Christian author Lewis Smedes described this phenomenon when he wrote, “When you forgive someone you slice away the wrong from the person who did it. You disengage that person from his hurtful act. You recreate him. At one moment you identify him ineradicably as the person who did you wrong. The next moment you change that identity. He is remade in your memory. You think if him now not as the person who hurt you, but a person who needs you. You feel him now not as the person who alienated you, but as the person who belongs to you. Once you branded him as a person powerful in evil, but now you see him as a person weak in his needs. You recreated your past by recreating there person whose wrong made you past painful.”2

While all that sounds high and lofty, let’s face it forgiveness is often the most difficult act to perform. Some of life’s hurts are so deep and painful that to forgive the people who caused them seems impossible. That’s what makes Jesus words so scandalous in Matthew 18:21-22, “Then Peter came up and said to him, “Lord, how often will my brother sin against me, and I forgive him? As many as seven times?” Jesus said to him, “I do not say to you seven times, but seventy-seven times.”

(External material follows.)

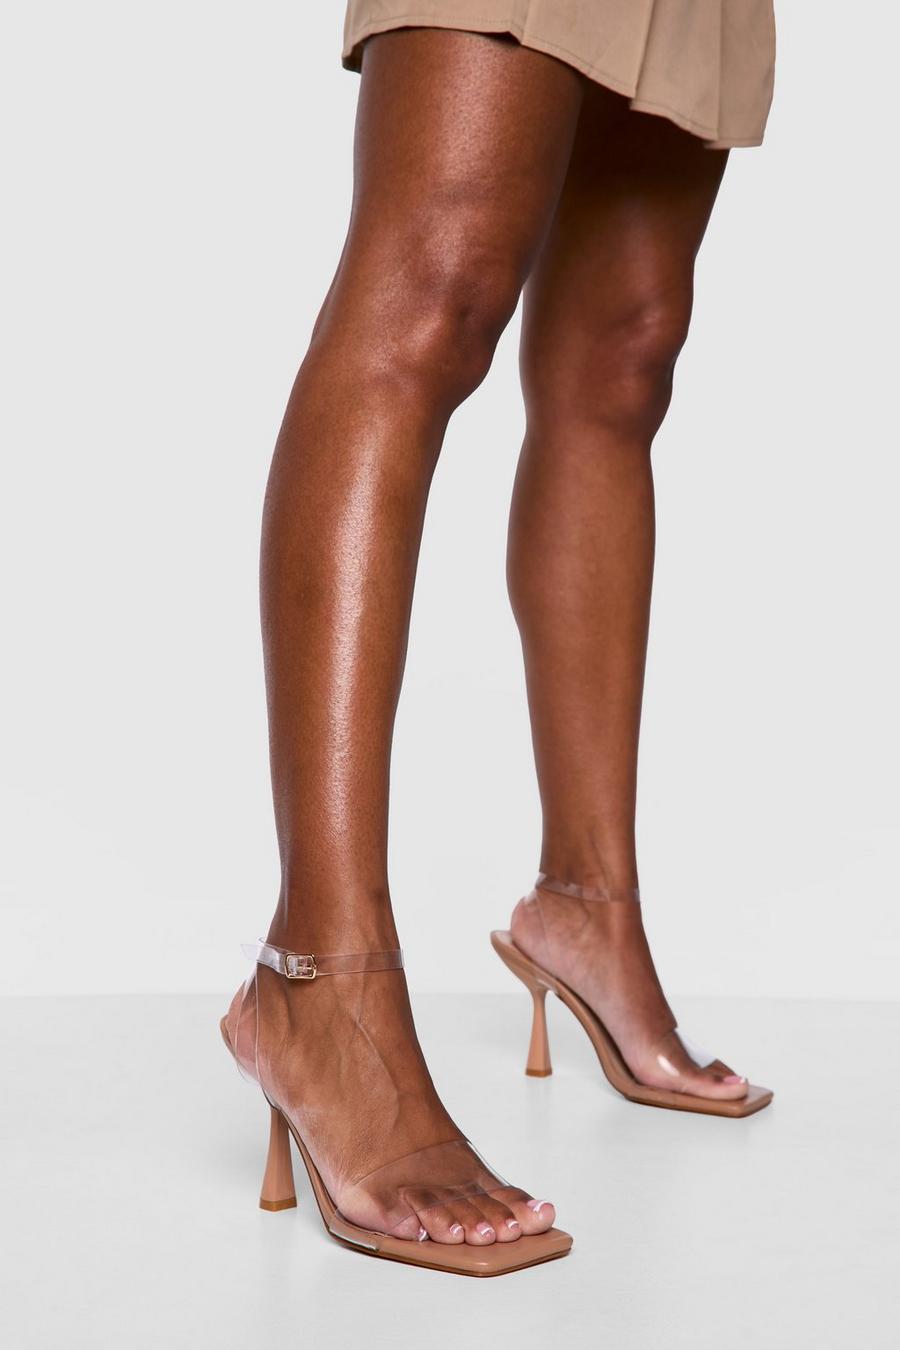 Sandali Mules a calzata ampia a punta quadrata con fascette trasparenti e tacco, Nude

Jesus’ answer was not meant to be taken as a literal number. What Jesus teaches us is that as His followers we have been forgiven far more than what we will ever be asked to forgive. We must cultivate a spirit of forgiveness, rather than a habit of counting offenses. Since we all need forgiveness, we should always be willing to forgive.

Forgiveness is not a case of ‘holy amnesia’ that wipes out the past. Instead, it is the experience of healing that drains the poison from the wound.” God asks us to do for others what He has done for us through Jesus Christ. If we are willing He’ll give us strength to forgive.    

Sources 

Portsia Smith, “Letter of forgiveness,” February 21, 2013. news.fredericksburg.com/newsdesk/2013/02/21/letter-of-forgiveness-moves-caroline-court (accessed 3-8-2013)

Lewis Smedes, quoted by Philip Yancey, What’s so Amazing about Grace (Grand Rapids, MI: Zondervan, 1997), 102-103.